Williams is the second Giants star this week to publicly direct accountability to the locker room rather than taking the easy way of speaking in clichés about the process or downplaying reality. Saquon Barkley said “somebody has to do something about it” after a loss to the hapless Falcons.
It’s not quite tossing a locker or pounding a table, but it’s not the rinse-and-repeat calm-amidst-the-flames from recent lost seasons, either.
“I’ve been really frustrated lately,” Williams said. “The last two losses we’ve had have been so close that they suck so badly. It would obviously be worse if we were getting blown out 30-0 and we looked horrible because we don’t know what the hell to do, but because it’s the tiniest margin of error and it’s coming down to a last-second field goal it feels like if one or two plays went the other way we would be 2-1. And it would be a lot different conversation.”
There are a dozen reasons the Giants are 0-3, but a pass rush with the NFL’s fifth-worst win rate (35 percent), according to ESPN, is near the top of the list. The company line around the Giants – and most football teams struggling to finish off sacks – is that a pass rush needs to be measured in disruption.
“It’s a culmination of the different factors, whether you’re batting a pass, you have people by his feet getting push in the middle, you sack him,” defensive coordinator Patrick Graham said. “The best teams that I’ve been a part of in terms of the pass rush, I don’t know if we were ever in the top-10 in sacks, but in terms of the effect on the quarterback. It’s also the coverage and the disguise. It all plays a factor.”

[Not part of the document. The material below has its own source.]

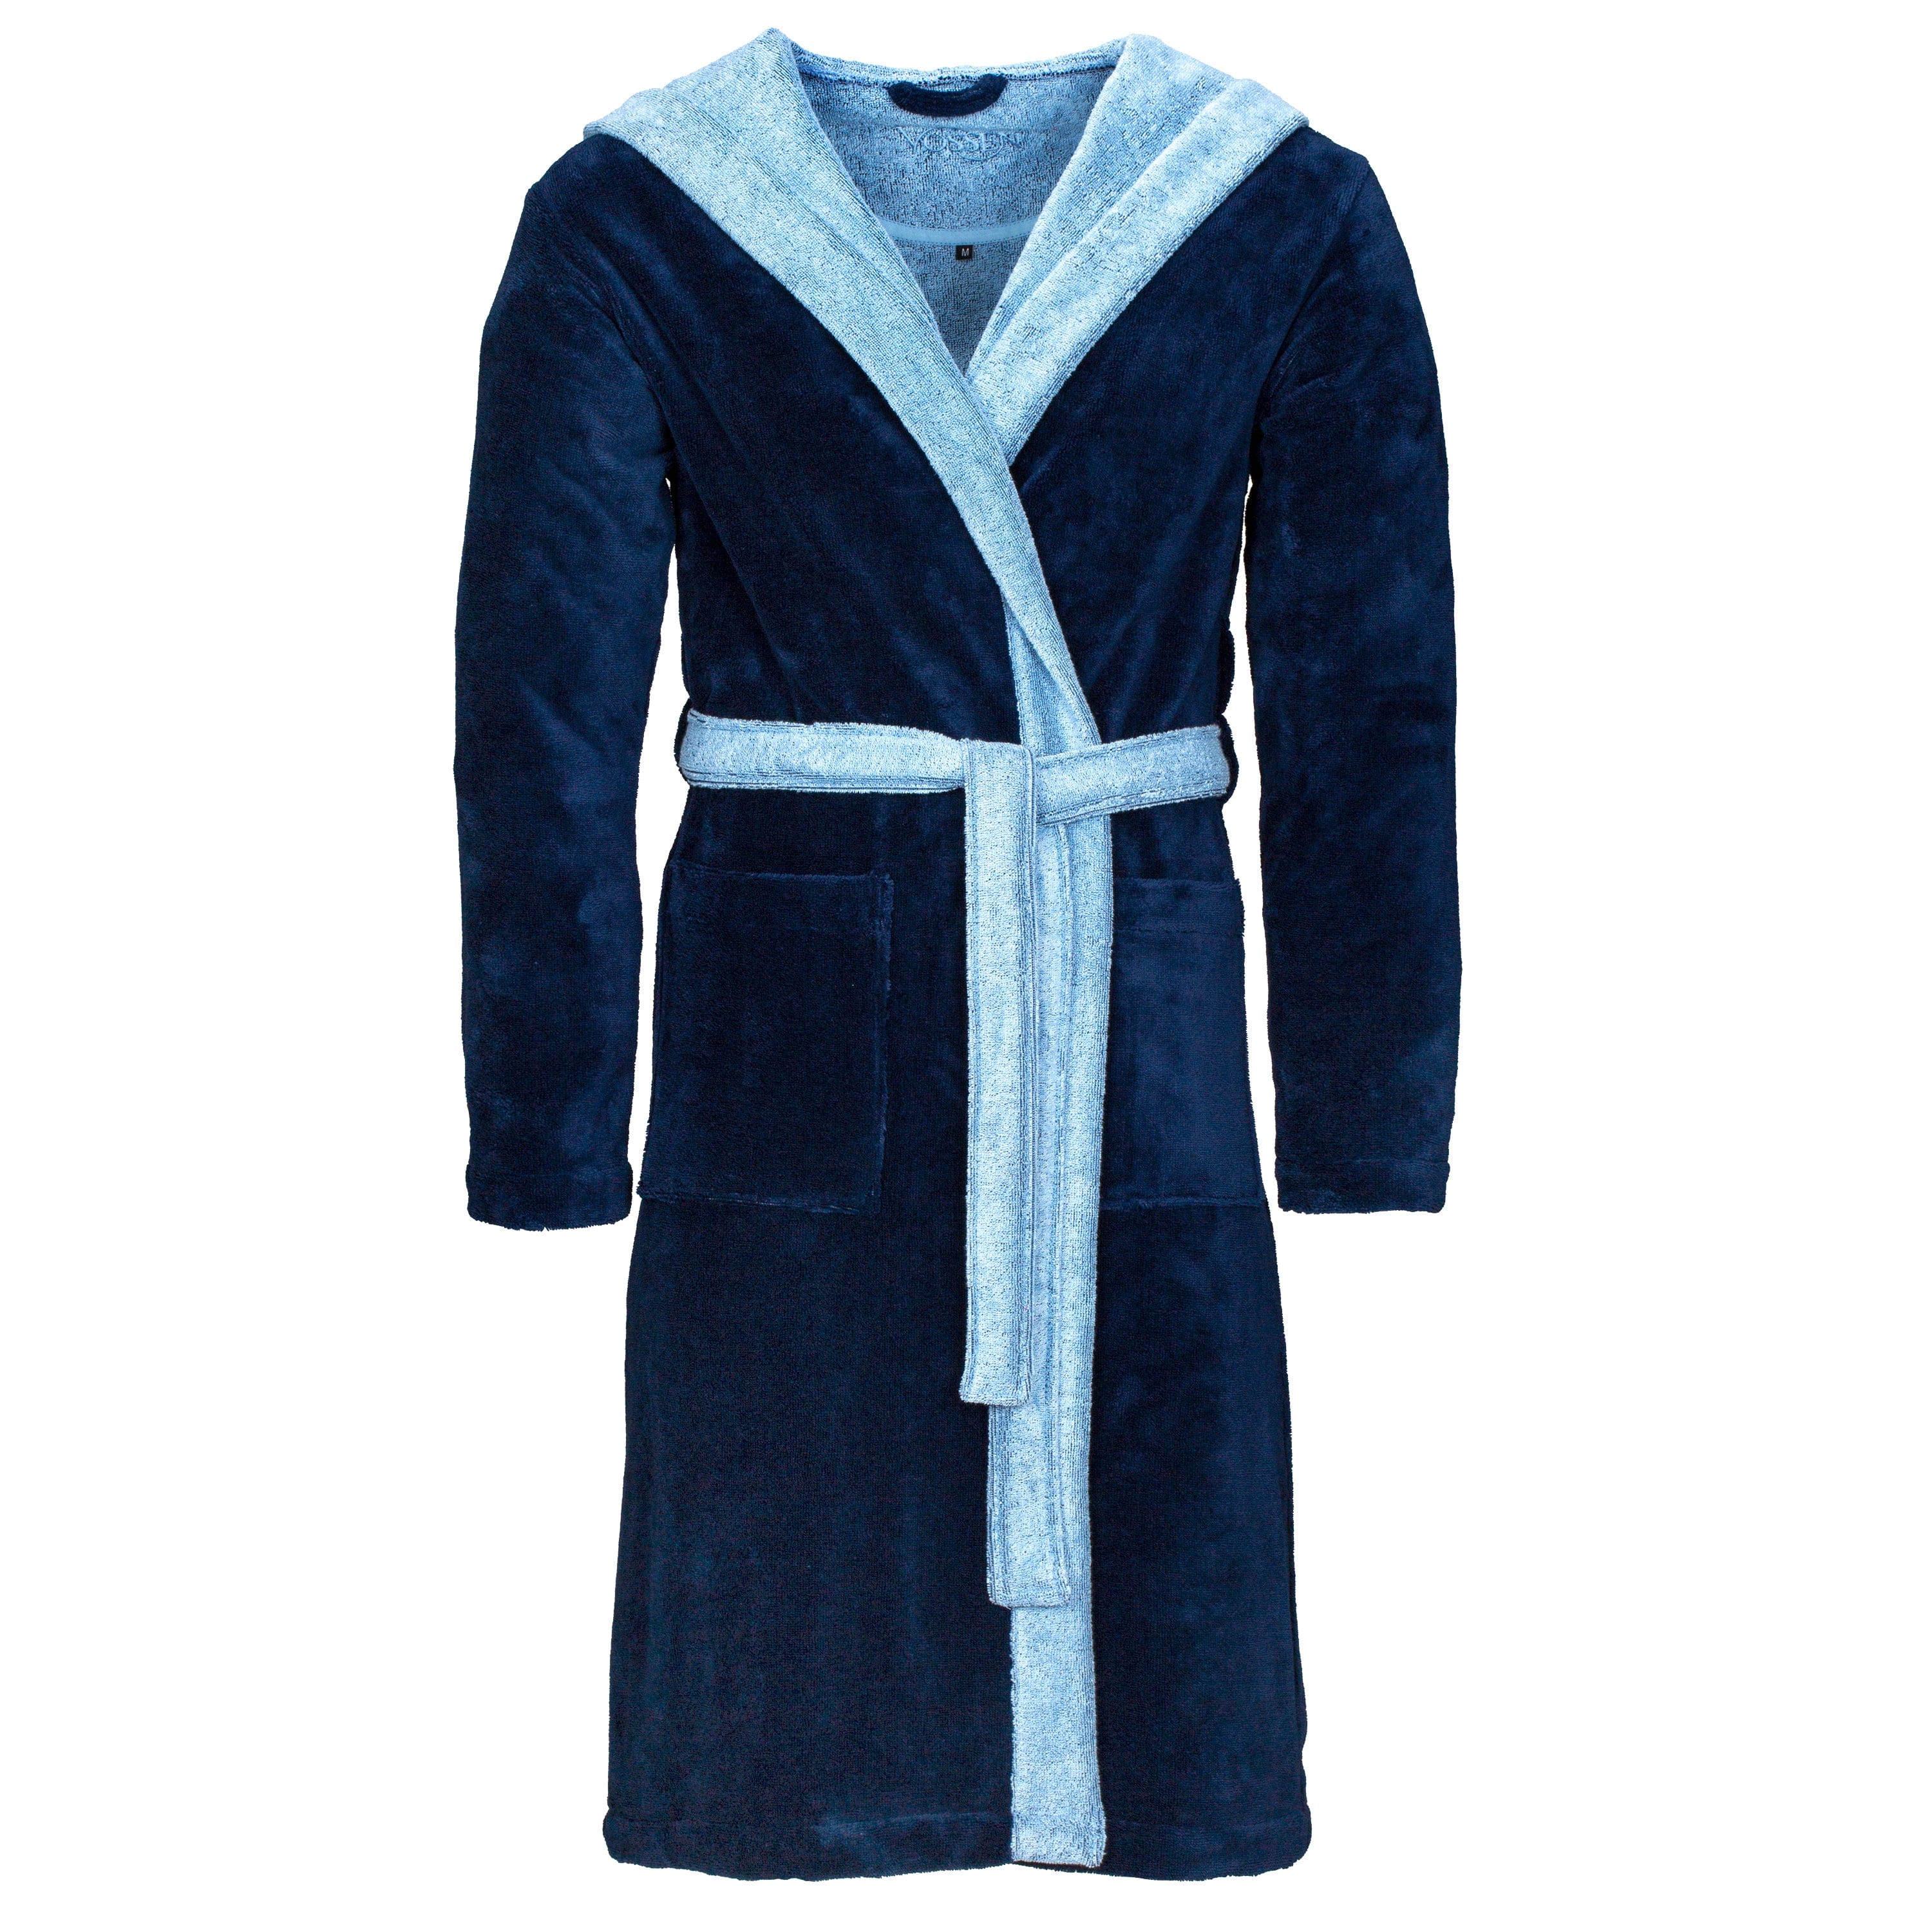 Accappatoio in cotone vegano con cintura e cappuccio in un doppio colore azzurro e blu per uomo e donna

Williams has one of the Giants’ six sacks and a team-high 10 of 55 pressures after his breakthrough season of 11.5 sacks.
“He’s right where he was statistically at this point in time last year,” defensive line coach Sean Spencer said. “I see consistency from him. He looks fresh right now and I’m excited about it.”
Graham estimates that in a game with 40 dropbacks there only are 10 plays where the defense can attack with certainty of a pass. Here is the problem: The Giants play better-than-average defense until the four-minute drill, when the pass rush should be on the attack instead of allowing six scores on seven possessions at the end of halves.
“I can’t put my finger on it, and that’s why I’ve been frustrated,” Williams said. “At times we play like a really good team that should be winning these close games, and then at times we are shooting ourselves in the foot. What the coaches are teaching us is it’s not about other teams beating you. It’s more about you beating yourselves.”
Will October bring more of the same?